Finita l’estate di San Martino è arrivata la nebbia. È arrivata cogliendo di sorpresa chi si trova a mettere fuori il becco al mattino presto. Chi invece resta a casa se la gode al caldo, sornione, da dietro i vetri della finestra. Le galline dal pollaio, malgrado apra loro la porta davanti ad una bella ciotola di mangime, complice il buio e la nebbia, non mettono il becco fuori. La Penny-cane esce giusto un attimo.

La nebbia col suo carico di umidità appanna anche il parabrezza dell’auto. Un colpo di tergicristallo non basta per schiarire la vista; tutto resta in qualche modo attutito intorno a noi. Pure i pedoni che attraversano la strada! Torme di lavoratori e studenti si muovono tra gli alberi che iniziano a perdere il fogliame, ma sembrano tutti un po’ fantasmi che si aggirano tra le coltri brumose. Con la nebbia anche la strada e il parcheggio sembrano perfetti, non vedi le buche e i rallentisseur che ti fanno sobbalzare quando ci passi sopra ai 35 all’ora.

La nebbia nasconde i lineamenti della gente, e cade l’obbligo civile del saluto perché non sei mai certo di rivolgerti alla persona giusta. Va da sé che la nebbia permette più introspezione alle persone che sono fuori casa.

Ci si confronta con le nuove realtà in avvicinamento, del tipo: è quasi di nuovo Natale, il tempo è volato via, sta per arrivare l’inverno, sembrava solo ieri che si moriva di caldo e adesso senti che freddo, oppure più prosaicamente: ho chiuso la porta? Ho spento la luce? Ho abbassato il termostato? E altre innumerevoli amenità del pensiero a bagno nella nebbia.

Lo scenario che costella questi pensieri è quello dei grandi alberi. Masse oscure che si stagliano nella foschia e con la loro massiccia presenza sembrano far la guardia a chi transita sui viali umidi del primo mattino, puntando sull’edicola illuminata per leggere gli strilloni con le ultime agghiaccianti notizie di cronaca e di guerra. Tutto è più ovattato, meno immediato, ci sentiamo quasi schermati dalla realtà che ci circonda. Solo dalle 7,30 sentiamo l’immanente presenza del sole che inizia ad illuminare quell’oscurità, a sciogliere la nebbia, a scaldare le ossa intorpidite, a rendere tutte le immagini più nitide, più veloci, come se il macchinista del cinematografo stia per mettere finalmente a fuoco il film che sta proiettando.
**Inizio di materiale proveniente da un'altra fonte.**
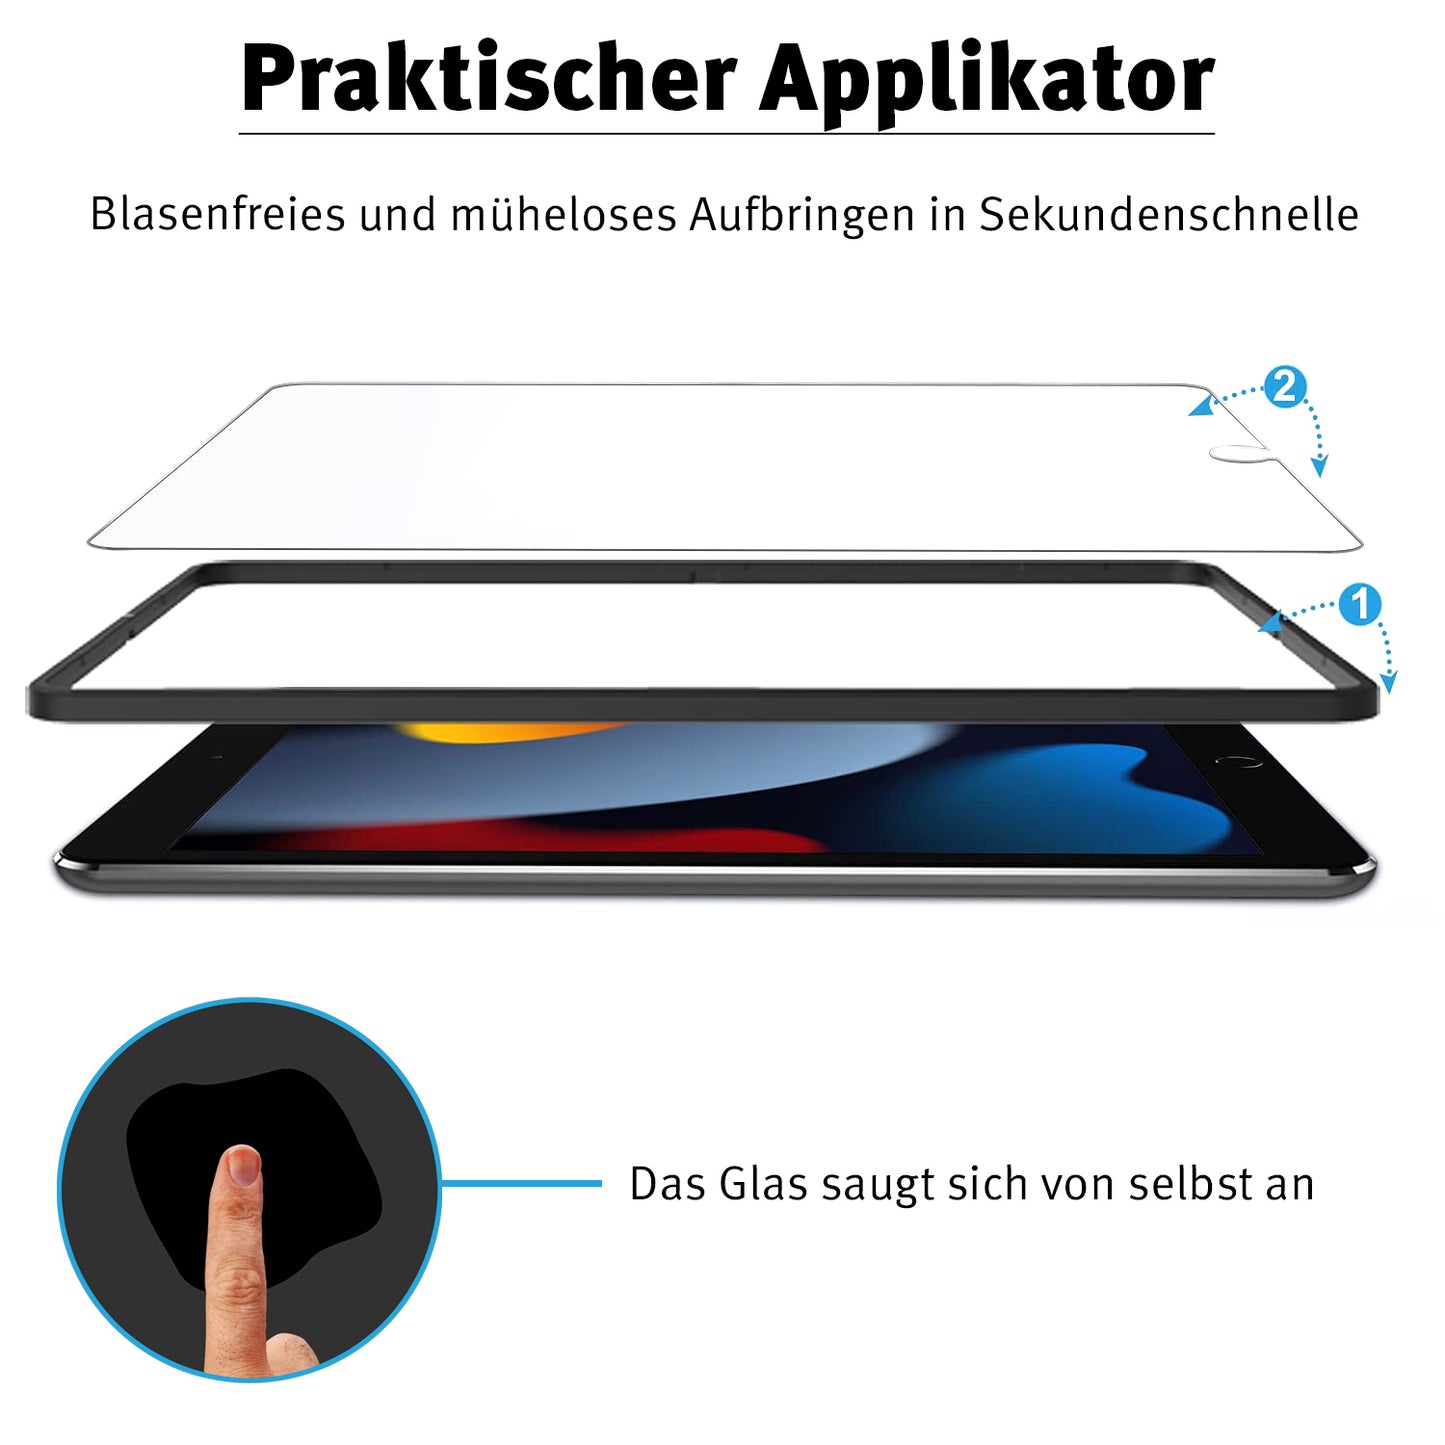 arktis PaperFeel iPad Air 10,9" (2022/2020) PREMIUM Schutzglas

Un’aura di luce prende il posto del buio notturno e della nebbia. E la realtà prende le sue consuete forme diurne, rapide, automatiche, forse anche efficienti. Accidenti! L’auto davanti a me mi ha fregato il parcheggio. Ne cerco e ne trovo un altro tra la nebbia che tenta di dissolversi. Dietro la ringhiera rossa del Lungo Dora si erge ancora un muro di nebbia che cela la vista sull’altra riva del fiume. È come se Ivrea finisse lì, come se il fiume fosse un entità esterna smisurata, dello stesso colore della nebbia e del cielo, quel grigio luminoso che fa pensare ad una sorta di limbo dello sguardo rotto solo dal gorgoglio delle acque cerulee.

Solo più tardi dalle finestre della biblioteca i maestosi alberi del parco si stagliano alla luce di un pallido sole novembrino.